Pietro Botto and Other Mill Workers From April to June, 1913, the house played an important part in the silk strike. The socialist mayor of Haledon invited the strikers to the suburb. Although Pietro Botto was not a member of the IWW, he offered his home as a meeting place for the strikers and the Wobblies' leadership. IWW leaders Elizabeth Gurley Flynn, Big Bill Haywood, and Carlo Tresca addressed the strikers from the home's second-story balcony. Perched on a hillside and surrounded by open land, the Botto House was a perfect location for the Sunday rallies that were so important in maintaining morale through the long months of the strike. Looking back many years later, Elizabeth Gurley Flynn remembered the Haledon meetings vividly: There was a balcony on the second floor, facing the street, opposite a large green field. It was a natural platform and amphitheater. Sunday after Sunday, as the days became pleasanter, we spoke to enormous crowds of thousands of people--the strikers and their families, workers from other Paterson industries, people from New Jersey cities, delegations from New York, trade unionists, students and others. Visitors came from all over America and from foreign countries. People who saw those Haledon meetings never forgot them.³ Pietro Botto never again worked in the silk industry. One of his daughters even had to change her name to get a job. We know about Pietro Botto's life because of his role in the 1913 silk strike. It is more difficult to reconstruct the lives of anonymous unskilled workers in the silk mills and dye houses. We know that unskilled workers in Paterson earned about half what weavers earned. Few families owned their own homes. Renters' quarters were generally smaller than the Bottos' and often housed boarders and roomers in addition to family members. Finally, most of Paterson's silk workers still lived in old, crowded, increasingly dilapidated residential areas like Dublin. The support of these ordinary workers was critical to the effectiveness of the strike and their willingness to endure five months without pay testified to their commitment.

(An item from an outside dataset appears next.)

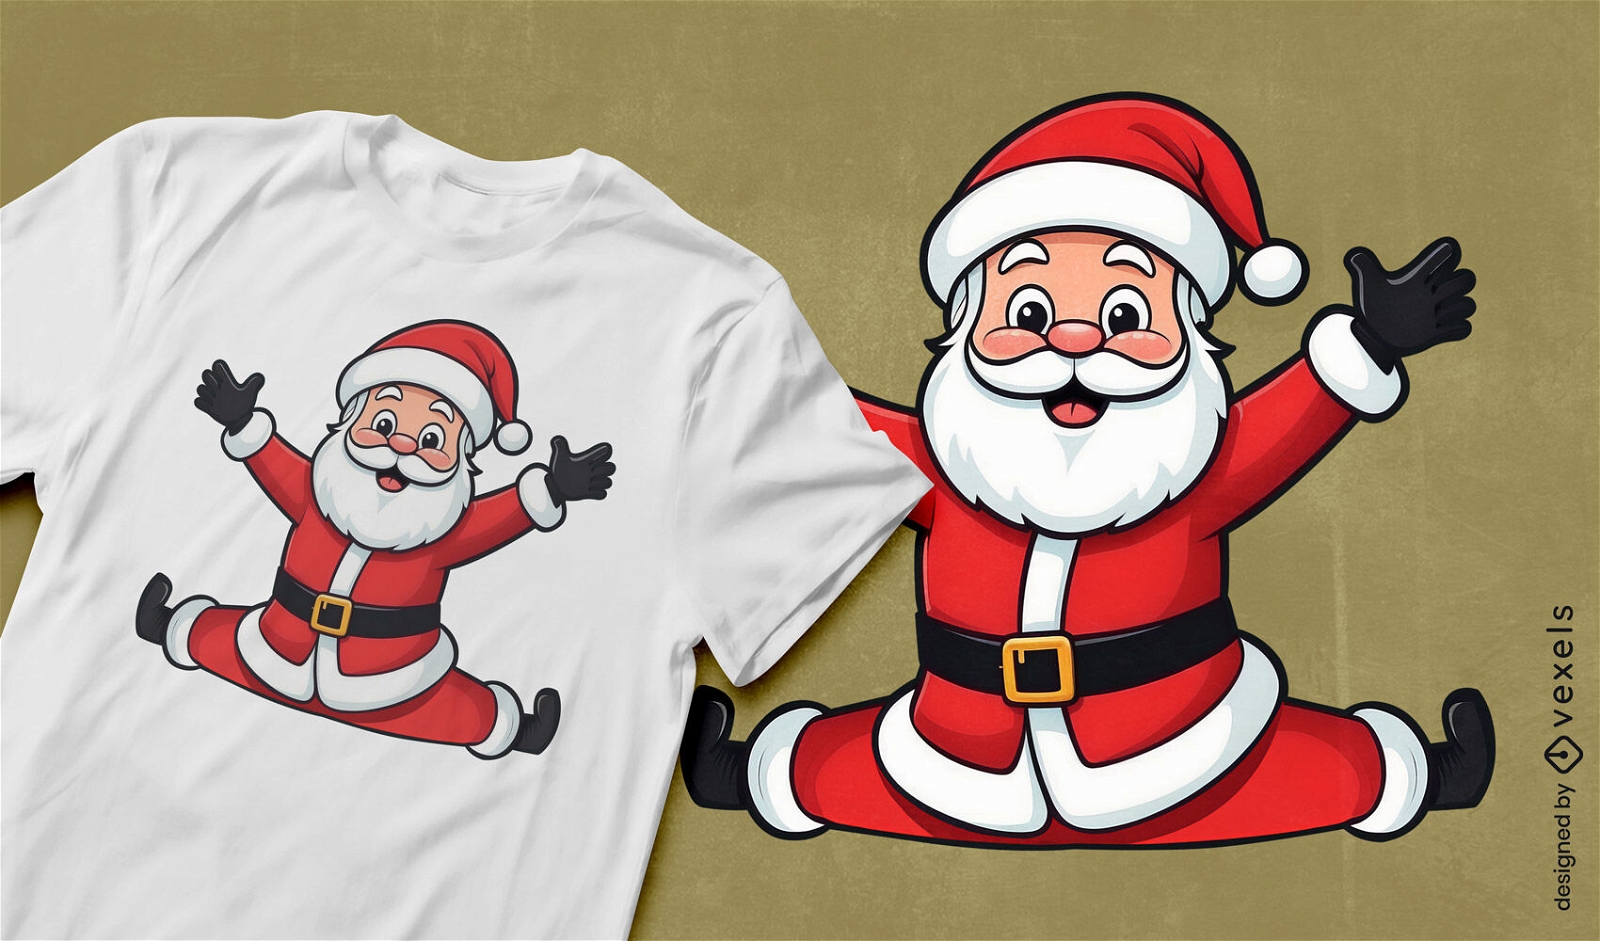 Cheerful Santa splits t-shirt design

Questions for Reading 3 1. In what ways is Catholina Lambert's life a "rags to riches" story? 2. Why do you think Lambert built a house like Belle Vista? 3. What role did Lambert play in the strike of 1913? Why do you think he was so opposed to Henry Doherty's reaching a settlement with the workers? Lambert had gone to work in the mills as a 10-year-old boy. How might that have affected his position? 4. How did the Bottos support themselves? 5. Why do you think Pietro Botto offered his house to the strike leaders, even though he was not a member of the IWW?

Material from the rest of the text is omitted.